== Segment start ==
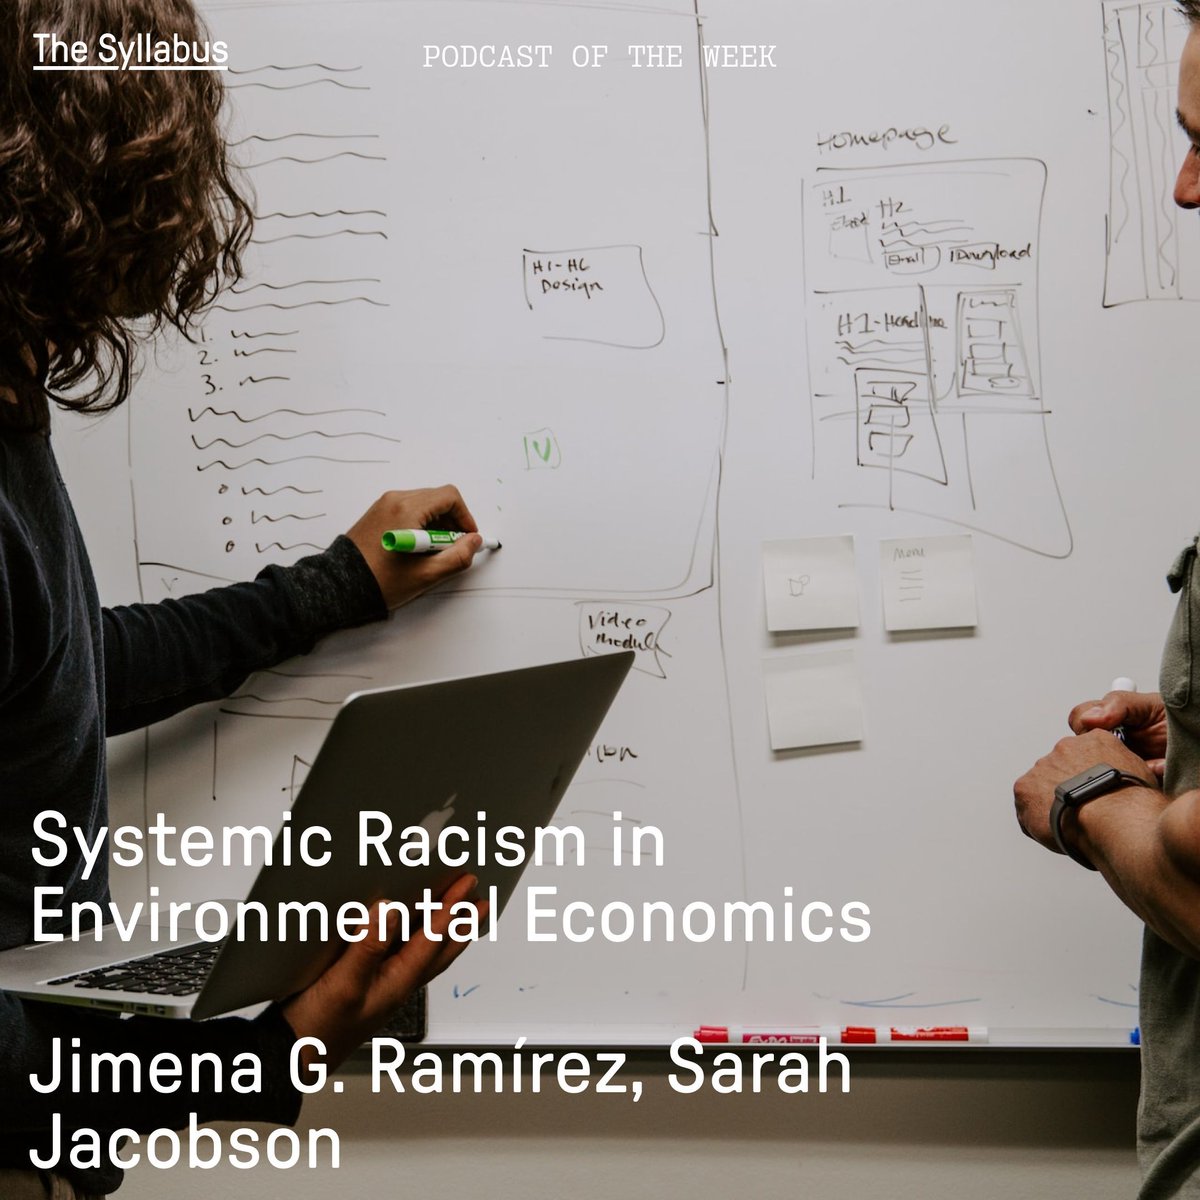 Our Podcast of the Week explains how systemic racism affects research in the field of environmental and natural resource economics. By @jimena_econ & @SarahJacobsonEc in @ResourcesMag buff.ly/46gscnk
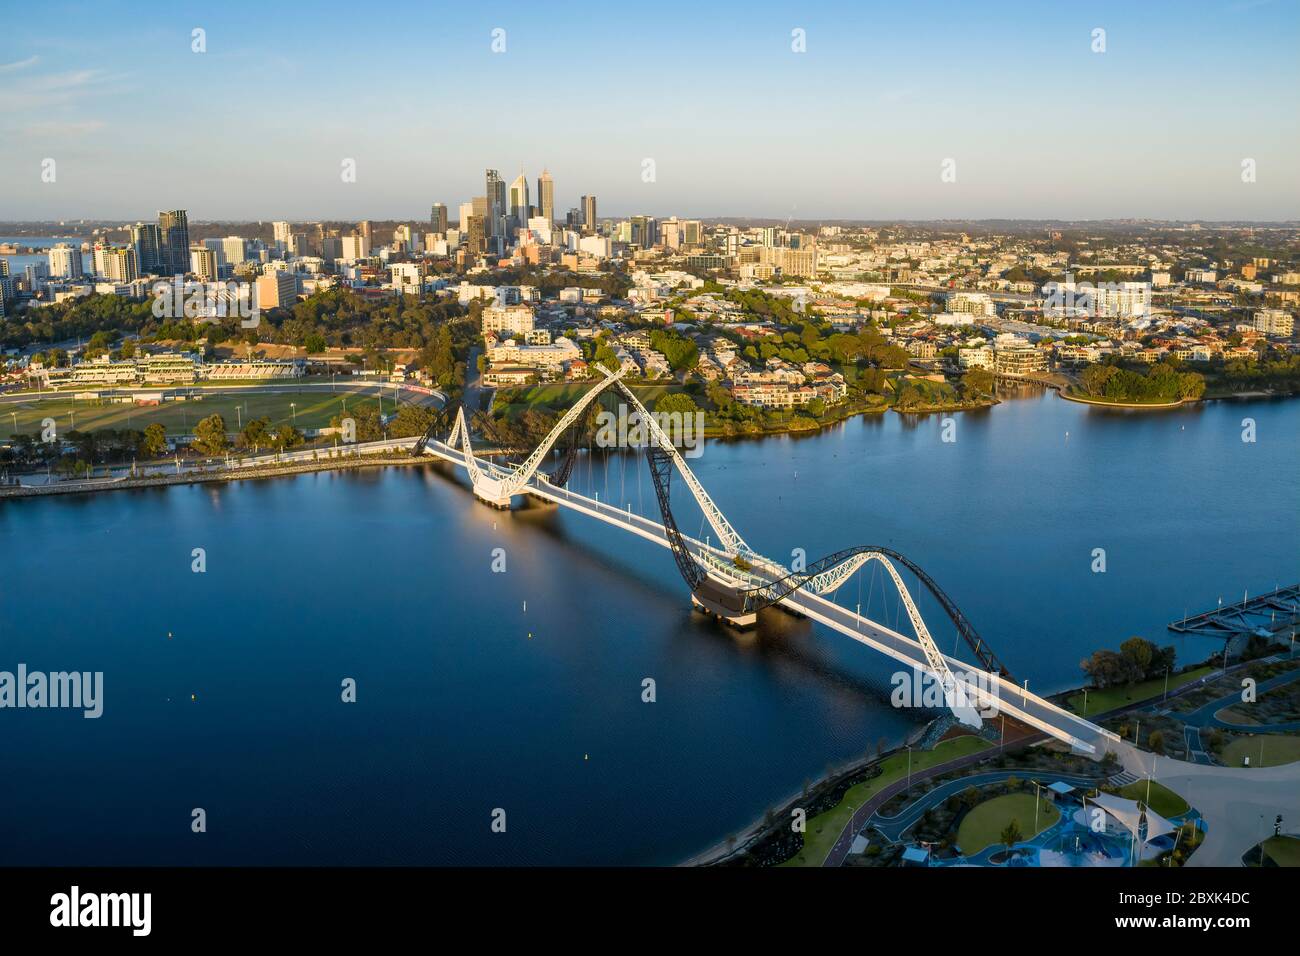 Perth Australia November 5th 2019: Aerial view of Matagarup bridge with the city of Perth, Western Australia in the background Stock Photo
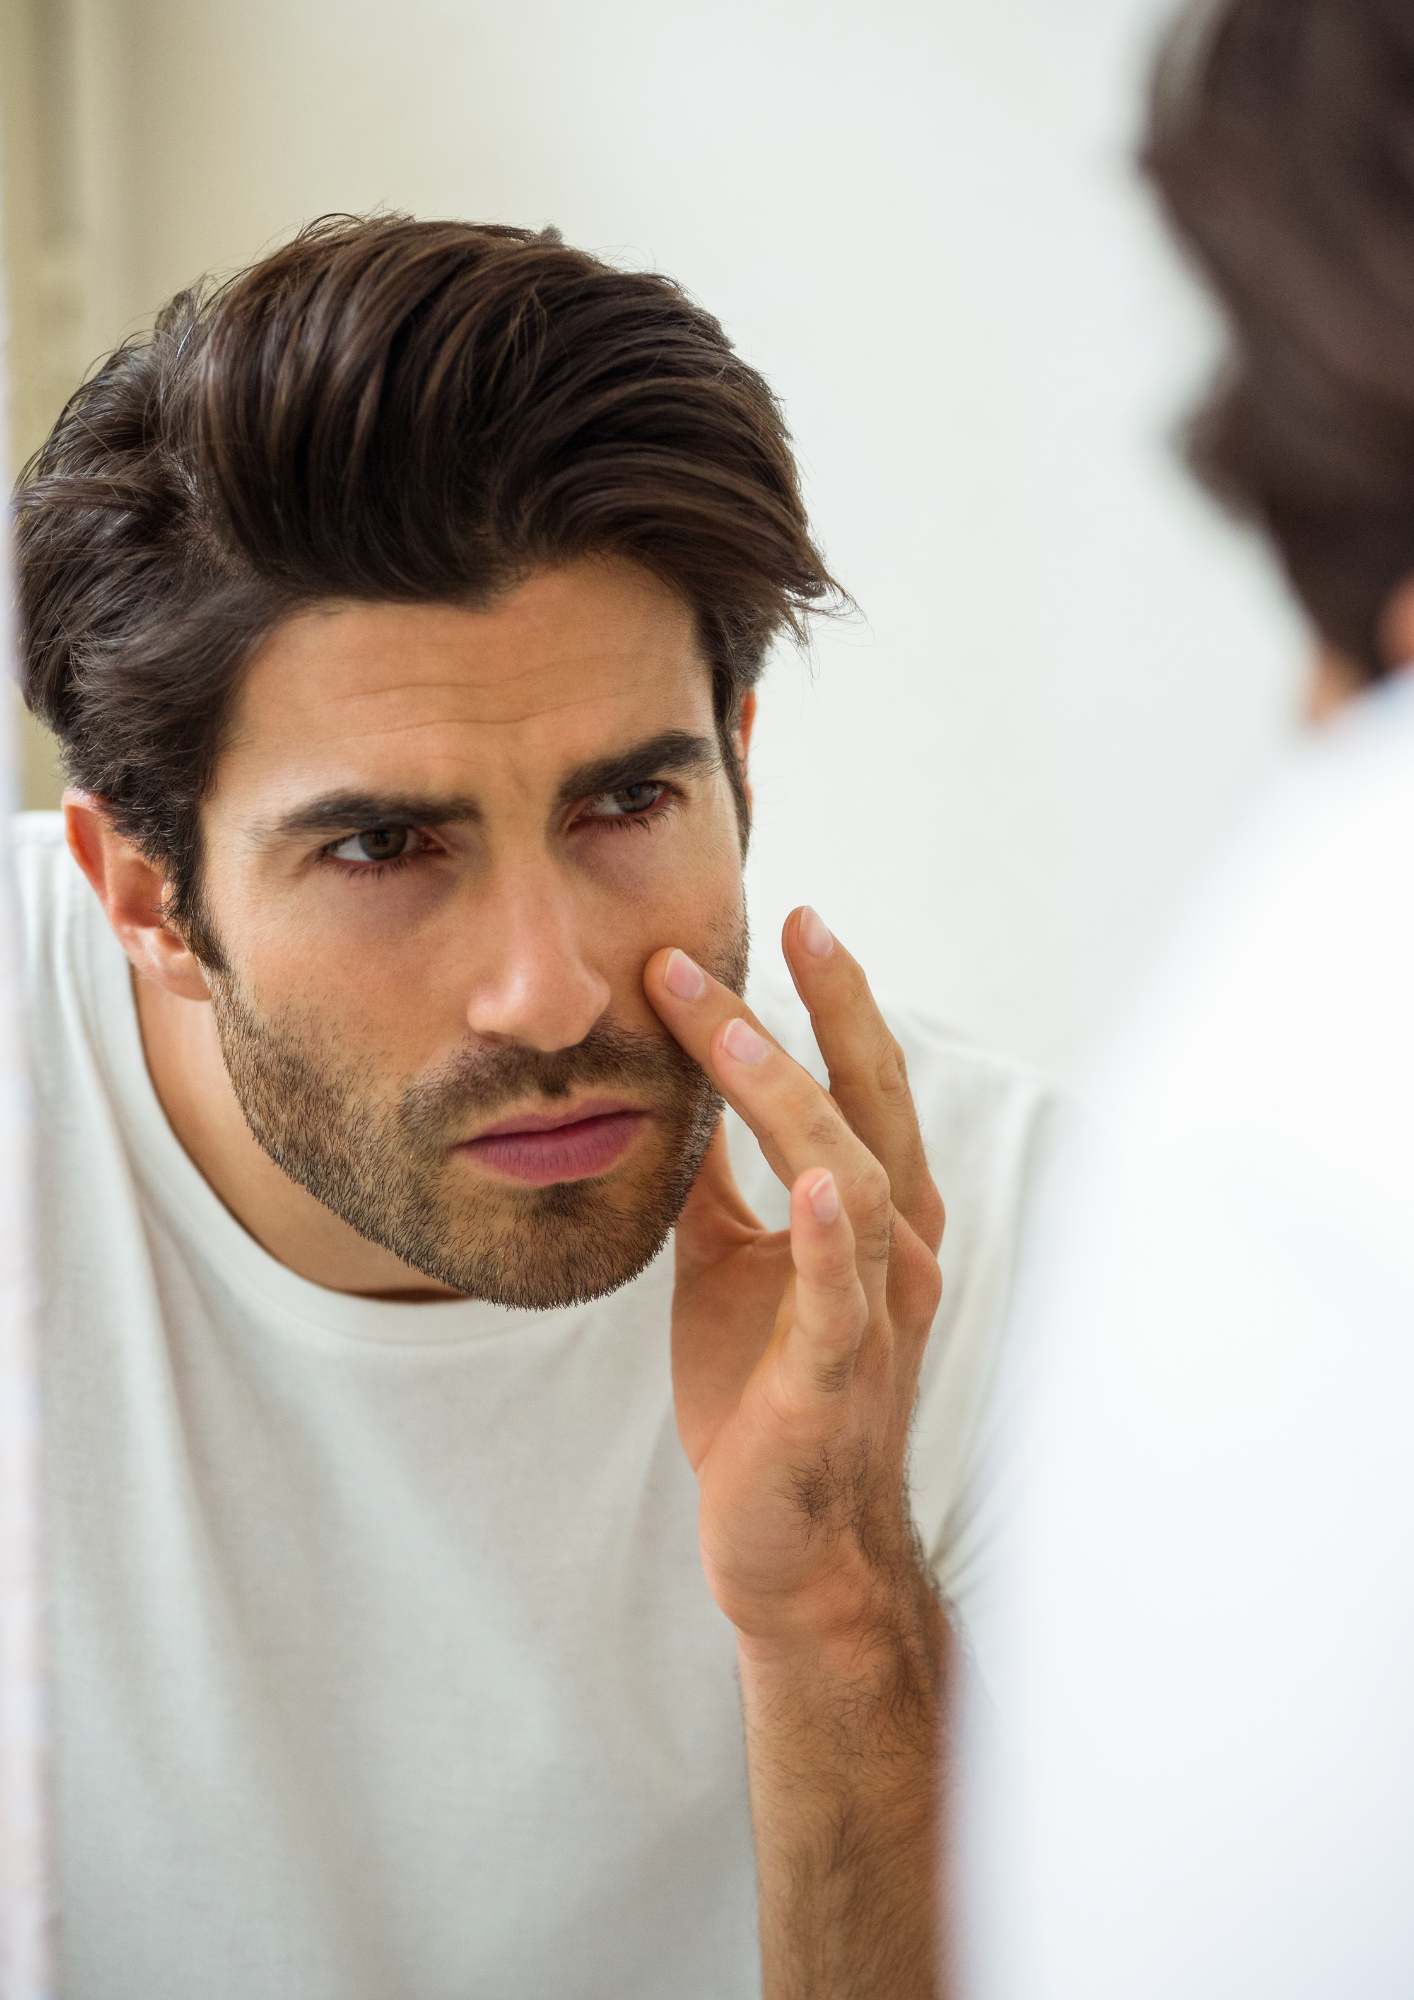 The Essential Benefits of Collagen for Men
== Segment end ==
The answer is the run of lines from the one with "Perth Australia November" through the final line of the data, copied exactly, and nothing else; no pictures.

 Perth Australia November 5th 2019: Aerial view of Matagarup bridge with the city of Perth, Western Australia in the background Stock Photo
 The Essential Benefits of Collagen for Men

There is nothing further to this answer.